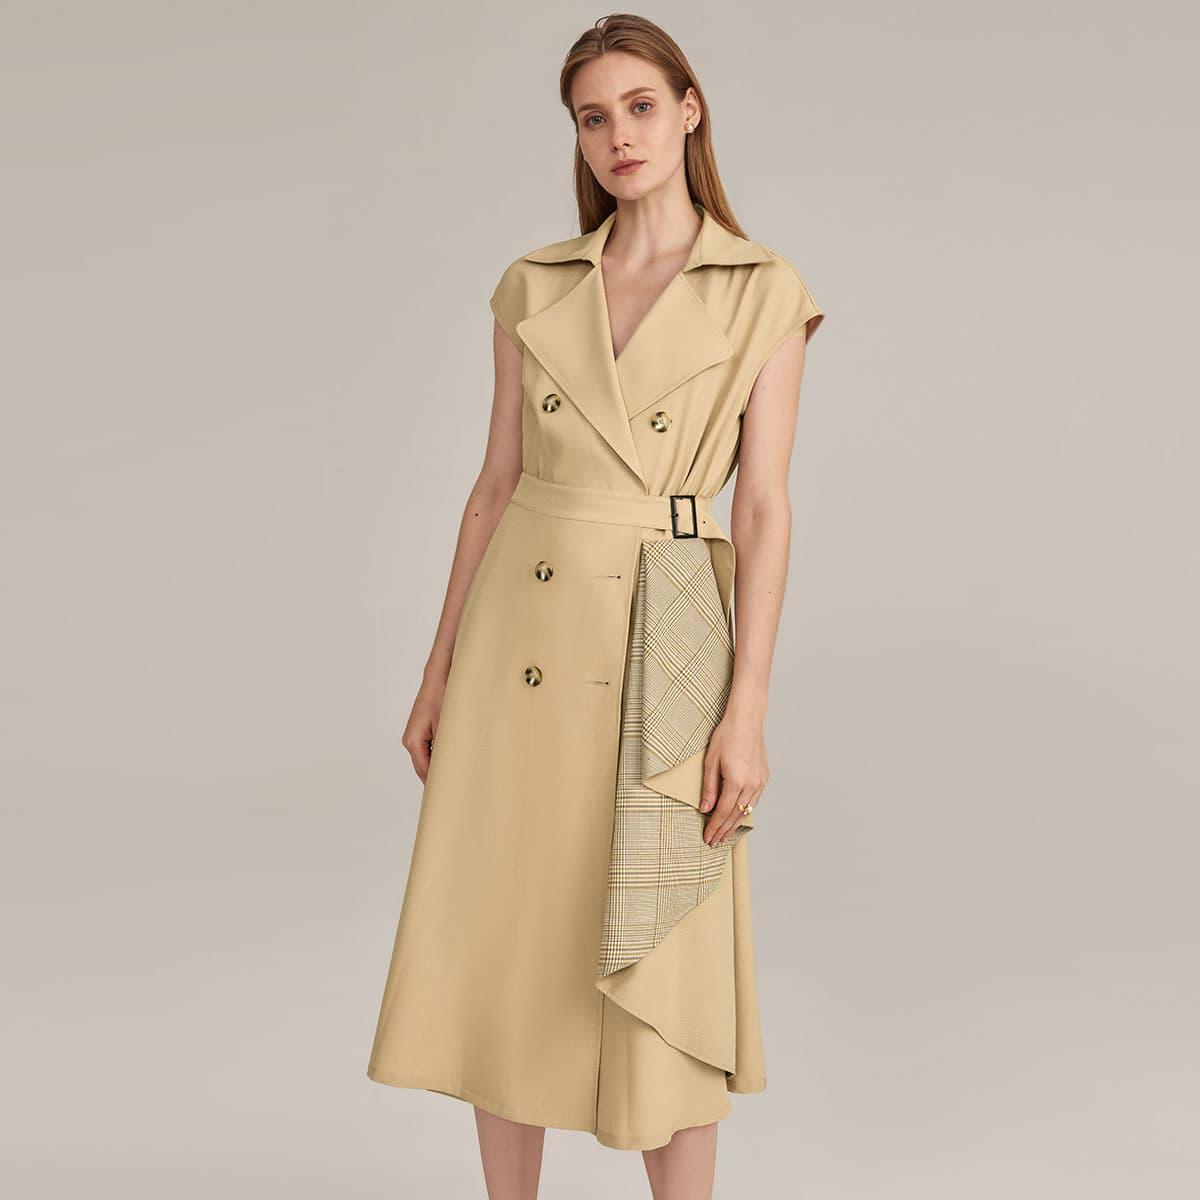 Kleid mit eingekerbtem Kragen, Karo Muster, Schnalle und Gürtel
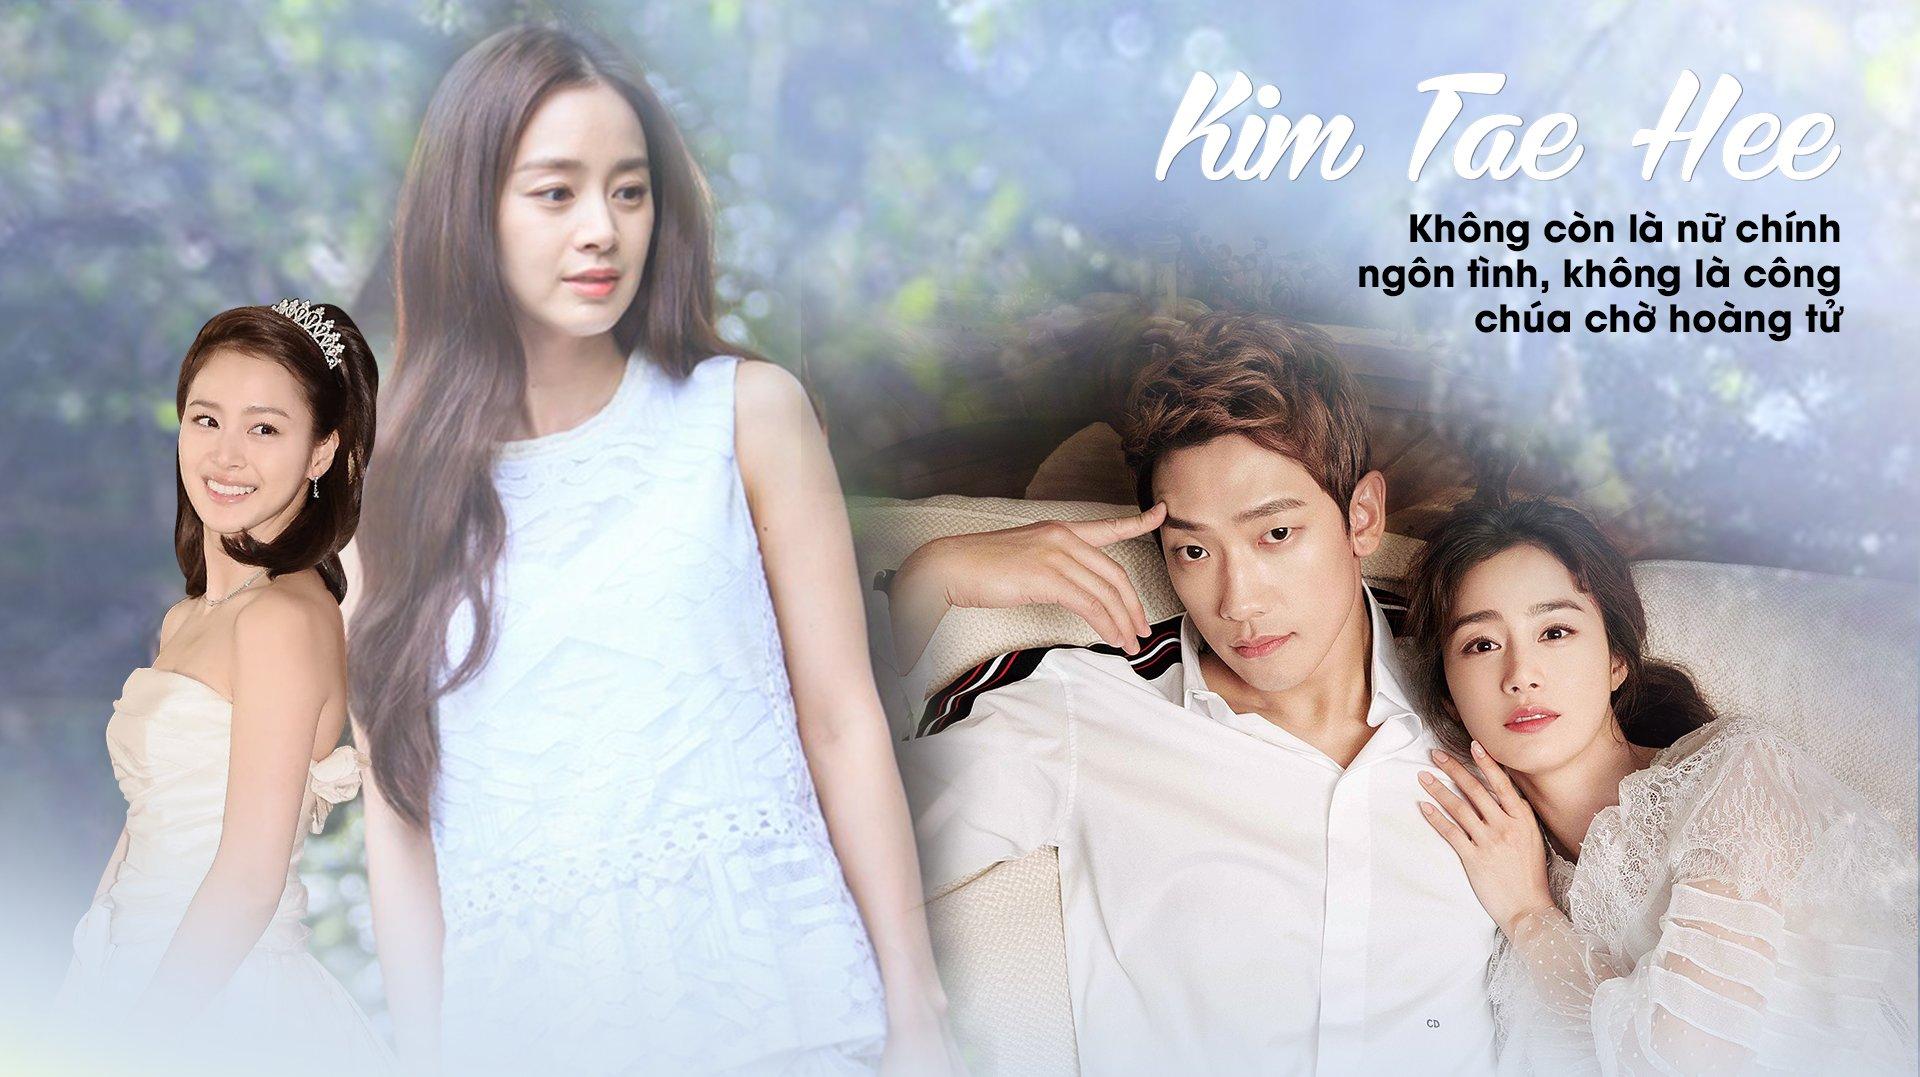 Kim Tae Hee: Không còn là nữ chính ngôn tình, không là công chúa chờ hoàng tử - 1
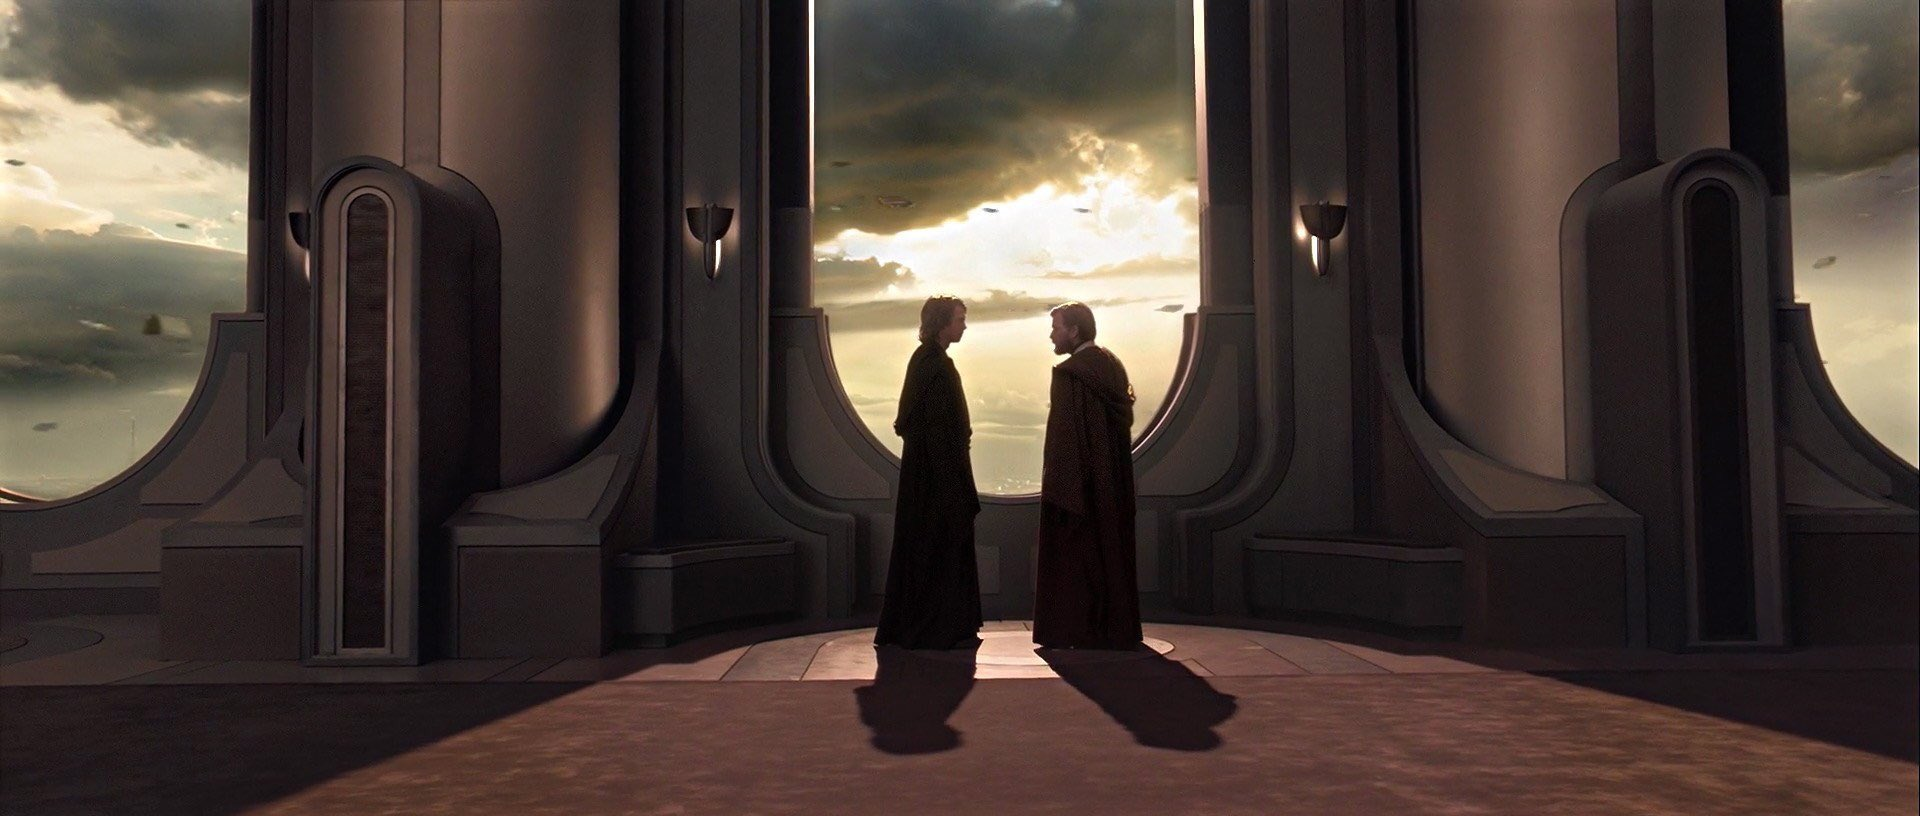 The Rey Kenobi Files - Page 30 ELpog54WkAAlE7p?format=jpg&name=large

• _AIM OF THE EXERCISE_: Output the listing exactly, pictures excluded.

• _REPLY TO THE EXERCISE_:
 Kleid mit eingekerbtem Kragen, Karo Muster, Schnalle und Gürtel
 Kim Tae Hee: Không còn là nữ chính ngôn tình, không là công chúa chờ hoàng tử - 1
 The Rey Kenobi Files - Page 30 ELpog54WkAAlE7p?format=jpg&name=large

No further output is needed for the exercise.